Trefwoorden: #astronomen, #kosmisch, #ruimte

Lees verder

research

( Foto: aleksandarnako - 123RF )

ENGINEERINGNET.BE - Snelle radioflitsen, ofwel fast radio bursts (FRB’s), zijn onvoorspelbare, extreem korte lichtflitsen uit de ruimte. Zo'n flits zendt evenveel energie uit als de zon in een dag afgeeft.

Een internationaal team van astronomen traceerde uitbarstingen van FRB's naar de rand van het nabijgelegen spiraalvormige sterrenstelsel Messier 81, op circa 12 miljoen lichtjaar afstand van de aarde. Daarmee is dit de dichtstbijzijnde bron van FRB’s ooit gevonden.

Hiertoe combineerden de wetenschappers metingen van 12 radiotelescopen in het Europese VLBI-netwerk, verspreid over de halve aardbol, waaronder de Westerbork Synthese Radiotelescoop van ASTRON en telescopen in Zweden, Letland, Rusland, Duitsland, Polen, Italië en China.

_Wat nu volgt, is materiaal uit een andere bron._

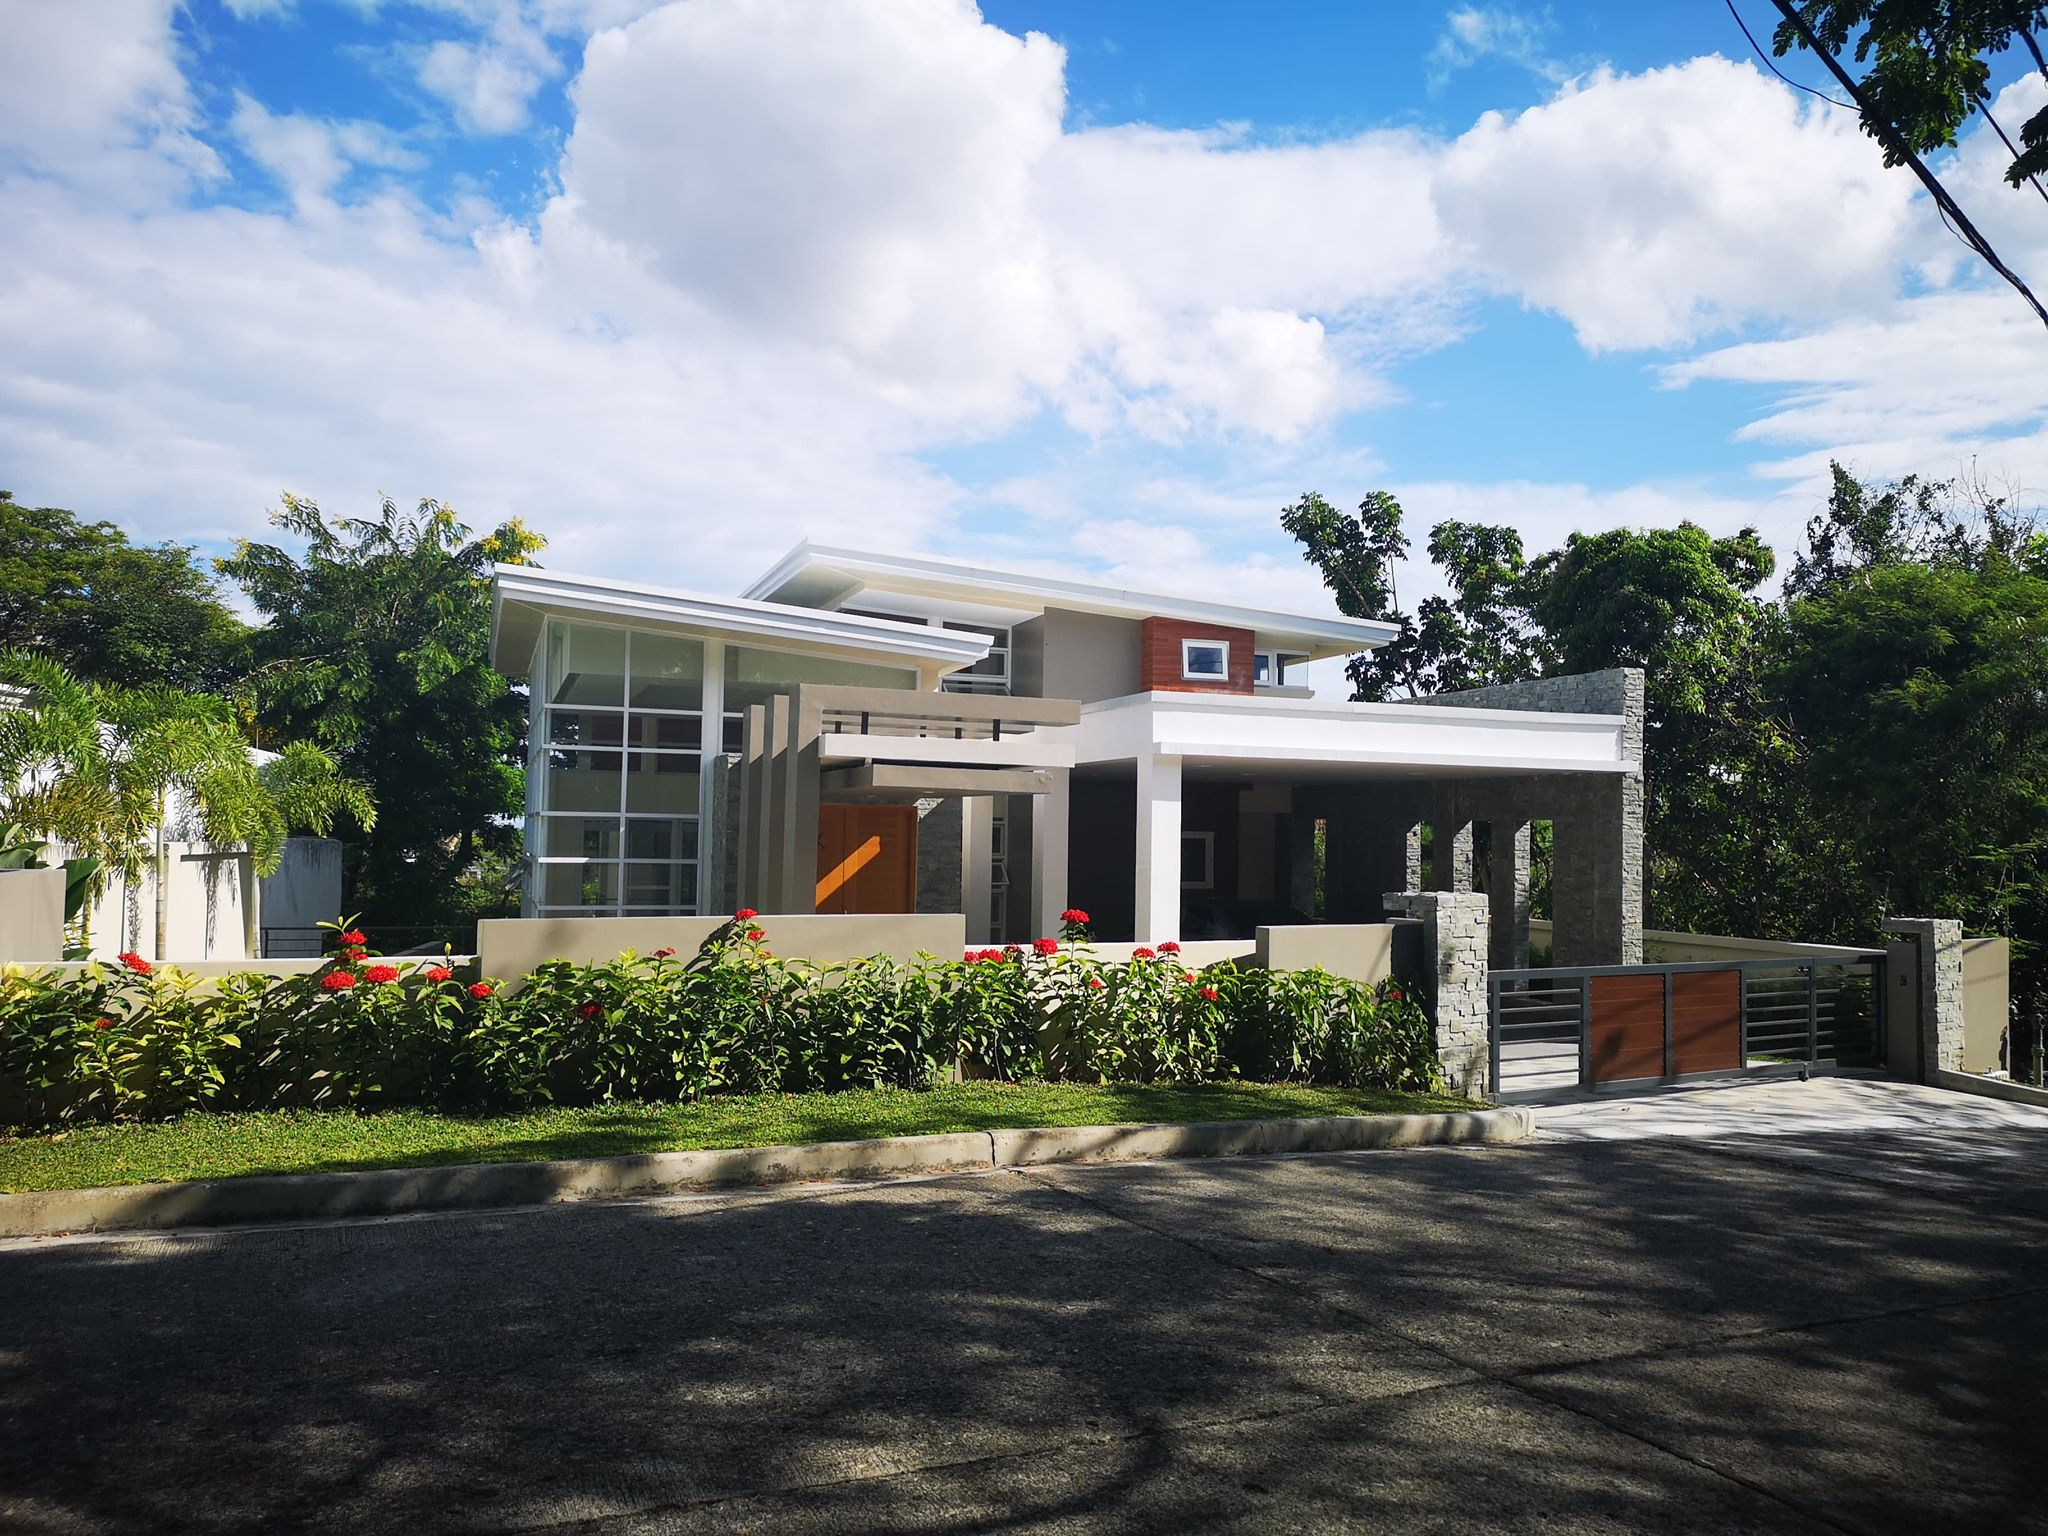 5BR Banilad house for sale Maria Luisa Cebu City with elevator
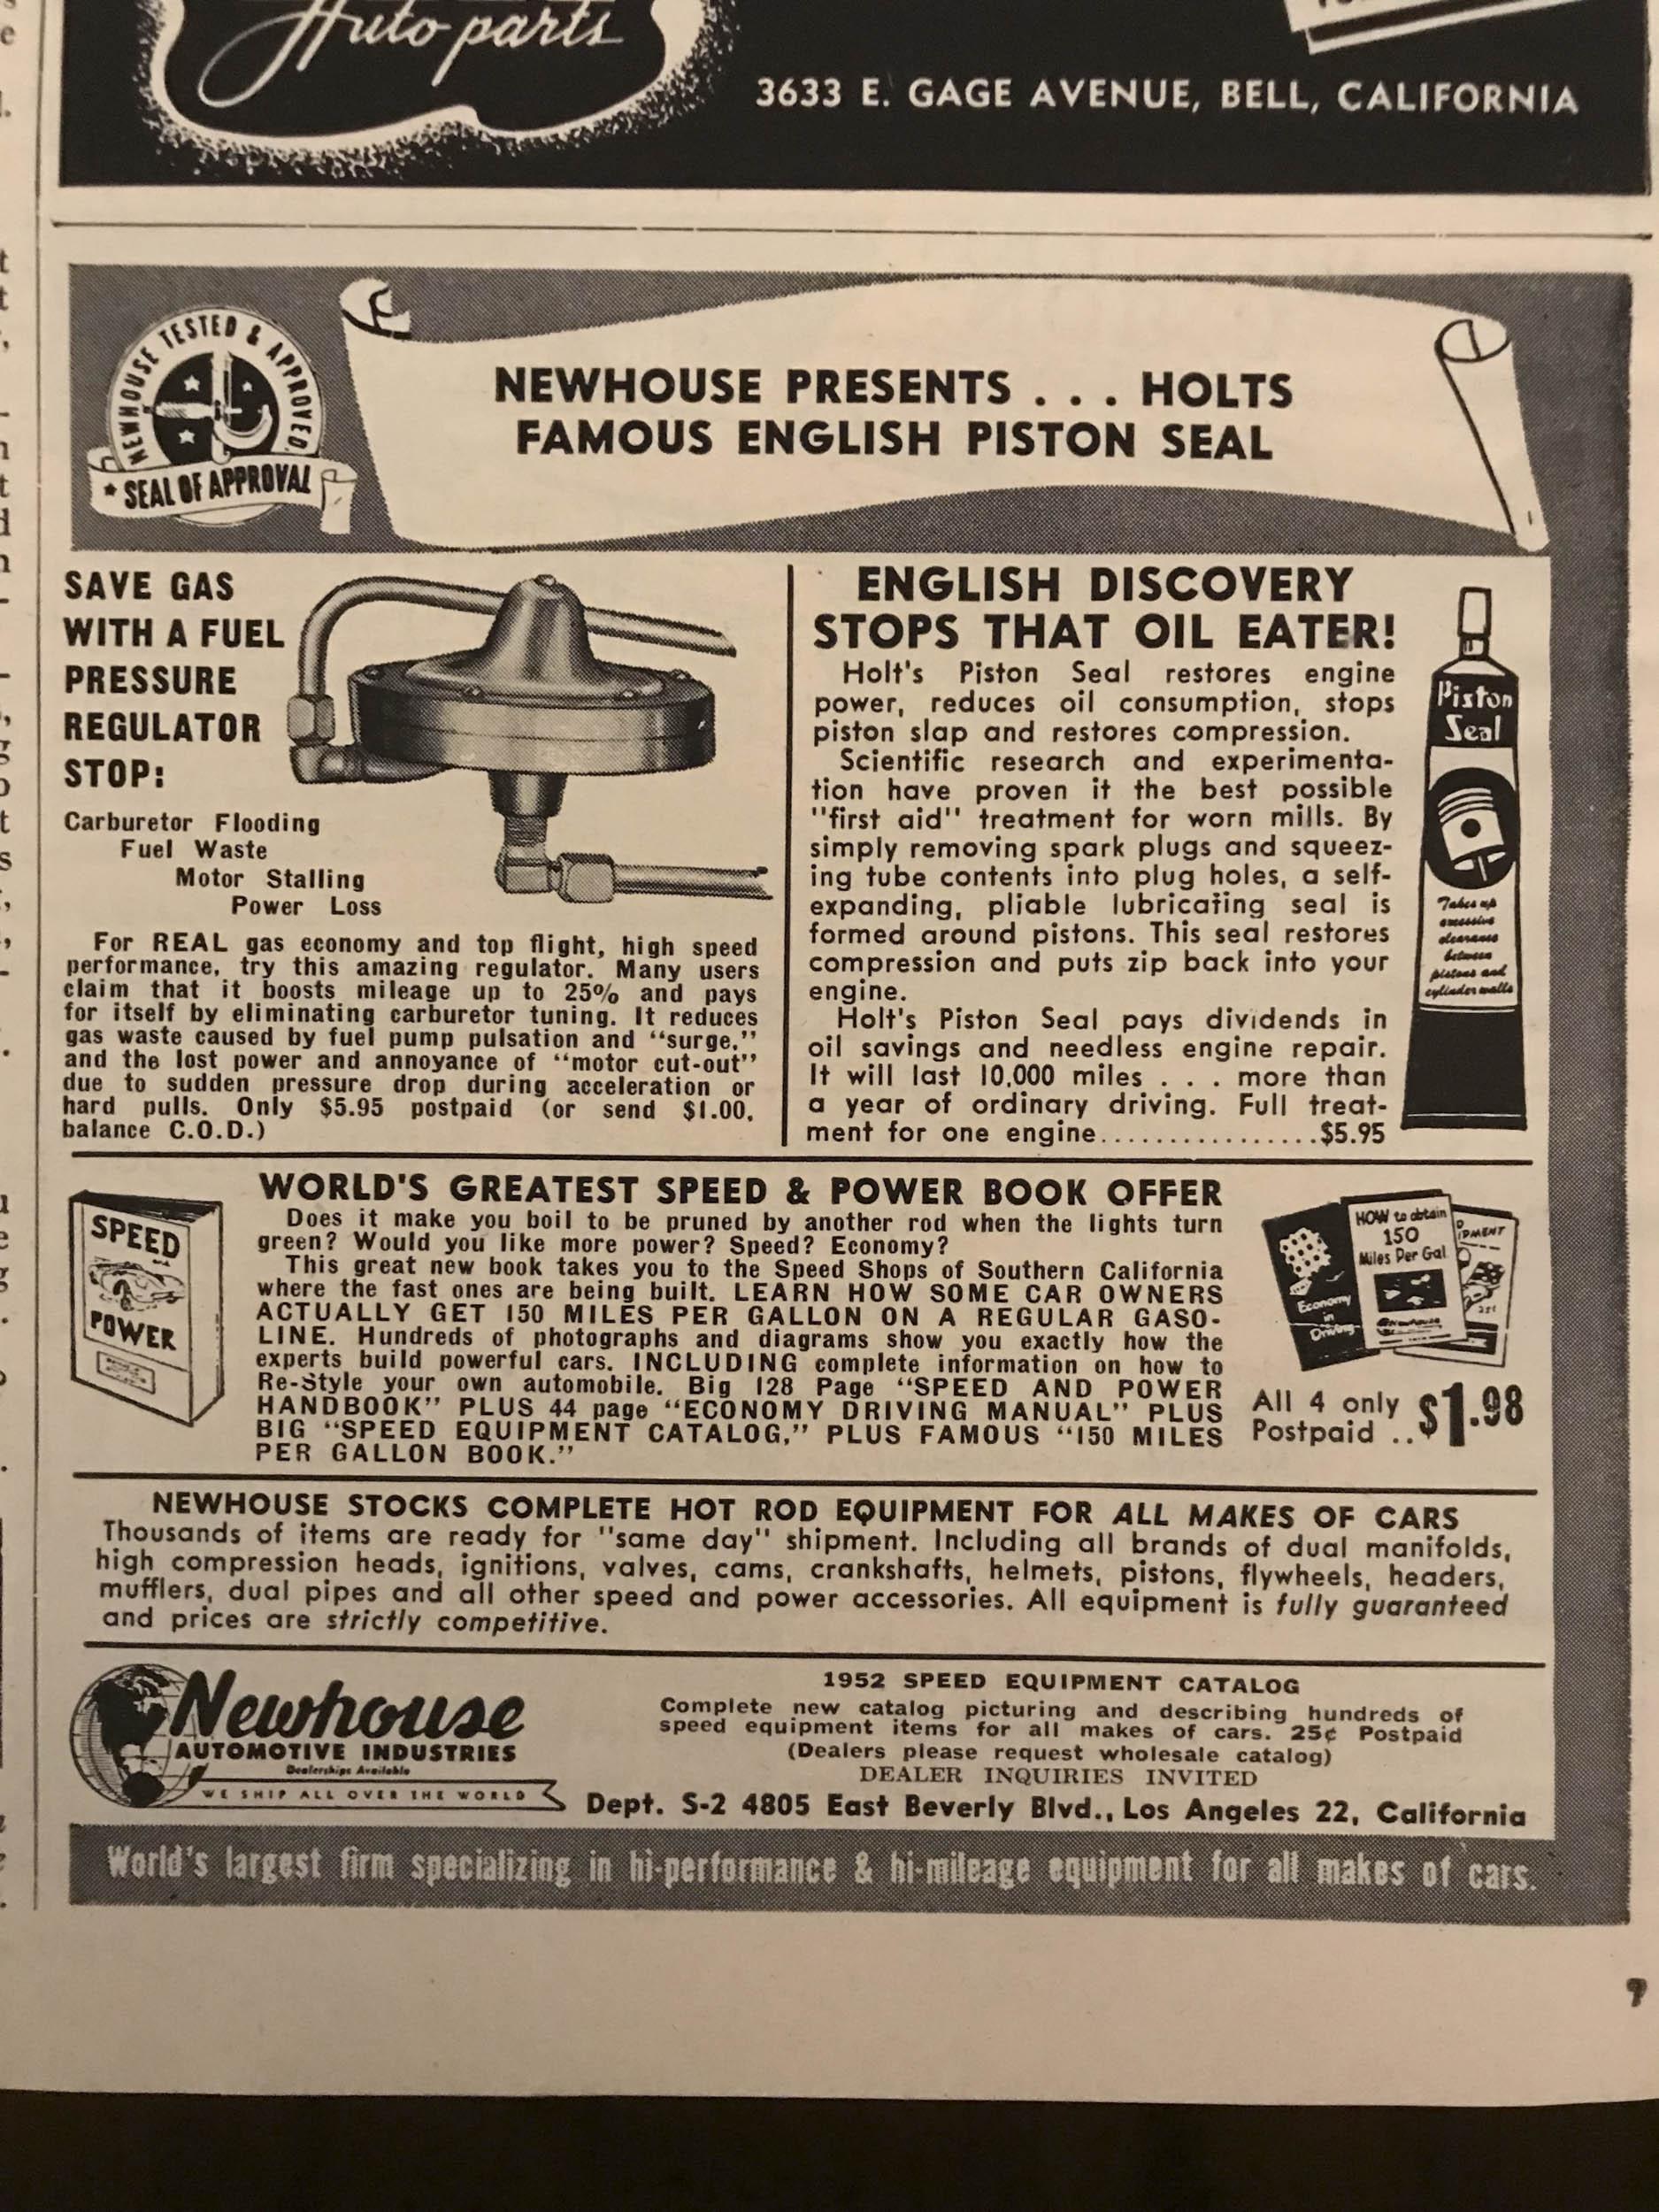 Newhouse Fuel Pressure Regulator Stop (1952)

Zo konden zij precies achterhalen waar de bron van FRB’s zich bevond. De locatie kwam precies overeen met de plek waar zich een bolvormige sterrenhoop bevindt, een dicht cluster van oude sterren.

"Verderop in het heelal zijn snelle radioflitsen gevonden op plaatsen waar sterren veel jonger zijn. Dit moest iets anders zijn," zegt teamleider Franz Kirsten, verbonden aan Chalmers in Zweden, en het Nederlands instituut voor radioastronomie ASTRON.

De wetenschappers vermoeden dat de bron van de radioflitsen een object is dat wel is voorspeld, maar nog nooit eerder gezien: een magnetar die is gevormd nadat een witte dwergster onder zijn eigen gewicht was ingestort.

Veel sterren in sterrenhopen vormen dubbelsterren. Enkele naderen elkaar zo dicht dat de ene ster materiaal van de andere aantrekt. Zodra een van de witte dwergen genoeg extra massa van zijn begeleider heeft opgevangen, eindigt de ster zijn leven als een neutronenster.

Dat komt zelden voor, maar in een cluster van oude sterren is het de eenvoudigste manier om snelle radioflitsen te veroorzaken.

Deze flitsen flikkerden in helderheid binnen slechts enkele tientallen nanoseconden. Dat betekent dat ze afkomstig moeten zijn van een minuscuul volume in de ruimte, kleiner dan een voetbalveld en misschien maar tientallen meters in doorsnee.

Toekomstige waarnemingen van de bolvormige sterrenhoop moeten uitwijzen of de bron echt een magnetar is of iets anders, bijvoorbeeld een ongewone pulsar of een zwart gat dat in een nauwe baan om een zware ster draait.